Whenever I tell people about Japan’s penis festival, there’s often a mix of disbelief, astonishment, bemusement, and amusement. Usually, in that order. Even my friends from Japan have a hard time believing me. But yes, ladies and gentlemen, Japan’s P-E-N-I-S festival is real.
Fair warning, there’s gonna be a whole lot of mentions of dongs and pictures of them throughout this post. So if curiosity took you this far, let it carry you a bit further, my friend.
Perhaps you think about Japan’s penis festival as one of those “Look at the crazy things Japan gets itself into, haw haw” sort of things. But for someone (me) who grew up loving Japan and had built up ideals of the country from decades and decades of watching anime and other Japanese media, the mere existence of this penis festival has made me love Japan that much more. When I learned about this years ago, I swore to myself that I’d attend a penis festival in my lifetime.
And lo and behold, dreams do come true.
WTF Is the Penis Festival?
Japan’s penis festival is properly called Kanamara Matsuri. It happens once a year in Kawasakidaishi in Kawasaki, usually the first Sunday of April. It typically starts at 11am day of and is free to attend and check out.
As you’d expect, it’s a gathering of people celebrating dicks of all kinds: statue ones, candy ones, candle ones, and even drawings of dicks. There is no shortage of imaginations running wild or phalluses at the penis festival (as you’d expect). Surprisingly, I didn’t see any real ones just flapping around like you would during the somewhat similarly themed and popular Gay Pride in San Francisco (though apparently the Hadaka Matsuri is kind of like that).
What Do You Do at the Penis Festival?
In my experience, the festival gets pretty nuts. Pun intended.
The truth is, the penis festival isn’t just a strange tourist attraction for bewildered foreigners. The festival is actually supposed to promote HIV awareness. It takes place at the Kanayama Shrine, where the centerpiece is this giant iron dong.
This iron phallus is a symbol based on the story around vagina dentata, or vagina with teeth. Legend has it that a sharp-toothed demon hid inside the vagina of the woman it had fallen in love with and deterred any would-be suitors. Ergo, they’d get their dicks bitten right off. In other words, it’s a metaphor about having STDs, which was common at the time. In order to fight this demon (and probably finally get some), she requested a blacksmith to fashion together this unbreakable ding-dong to, in turn, break the demon’s teeth. And so, the iron dick became a venerated item since…
For some, the festival is a symbol of fertility and a peaceful marriage. At one point, it was popular among prostitutes who prayed for protection against STDs.

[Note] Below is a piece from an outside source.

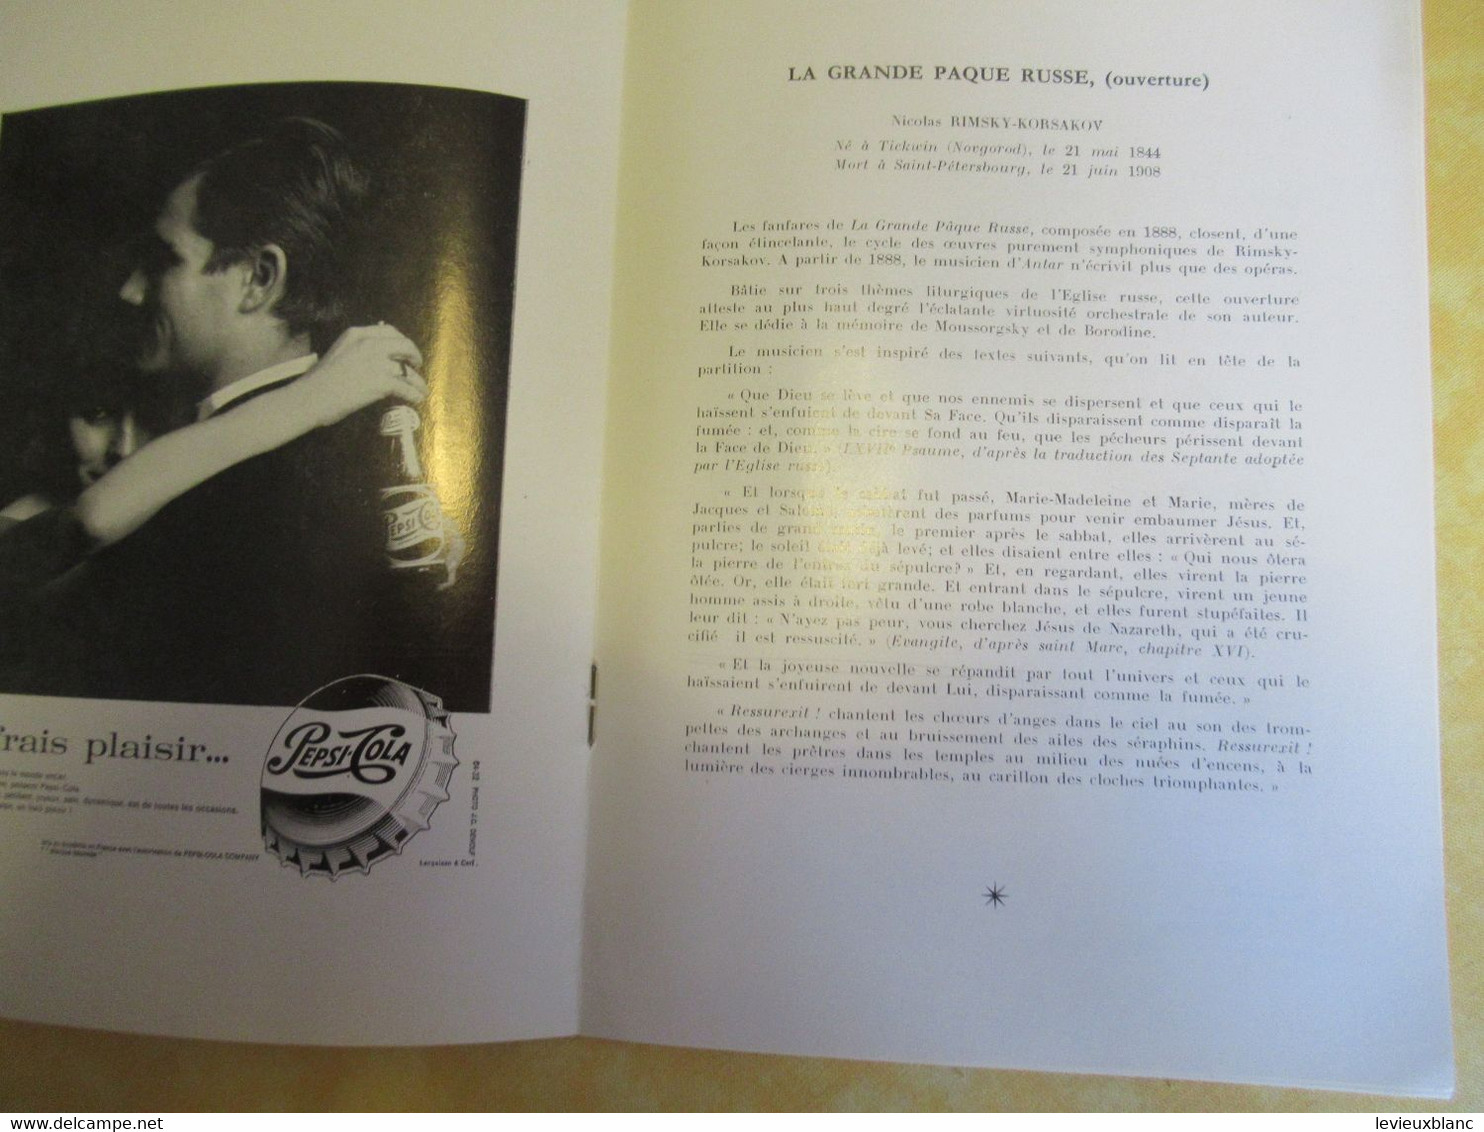 Programme Ancien/Musique/Théâtre Nat.Palais De Chaillot/Ass..des Concerts PASDELOUP/A.d'Arco- M Benedetto/1966   PROG327 - Programma's

It has elements of most festivals in Japan, but the penis festival is special beyond the obvious reasons. It’s more celebratory of LGBT culture, uncharacteristically expressive and overt of Japanese people, and a place where you can show respect by not taking yourself that seriously.
Throughout the festival, you just go to observe the mikoshi parades, watch some people dance, eat various festival foods, and high-five fellow attendees who are sucking on dick candy–whoa, come again?
Dick candy. You get to buy them. They come in various shapes, sizes, colors, and (presumably) flavors.
These dick lollipops aren’t just hilariously phallic; they’re straight-up edible dick molds. The entire time I was paranoid that I’d be caught on camera somewhere by someone with a freeze frame of me obscenely licking this lollipop. The one I bought didn’t taste like anything. Disappointing.
Unsurprisingly, the festival consisted of mostly foreigners like me who were really just keen on chortling at the spectacle and the quirkiness of it all (and making dick jokes). The most noteworthy thing is the famous “Elizabeth Mikoshi” which is a giant pink penis float and was apparently donated by a drag queen named…Elizabeth! Around noontime, it’s carried by men in drag to the shrine, where the street parade begins. The Elizabeth, along with one or two other penis floats, are carried throughout the streets at around 1p.m. Unfortunately, I didn’t get to see the pink float up close in person.
Overall, “nuts” doesn’t quite describe the energy, atmosphere, and the serious ridiculousness of it all.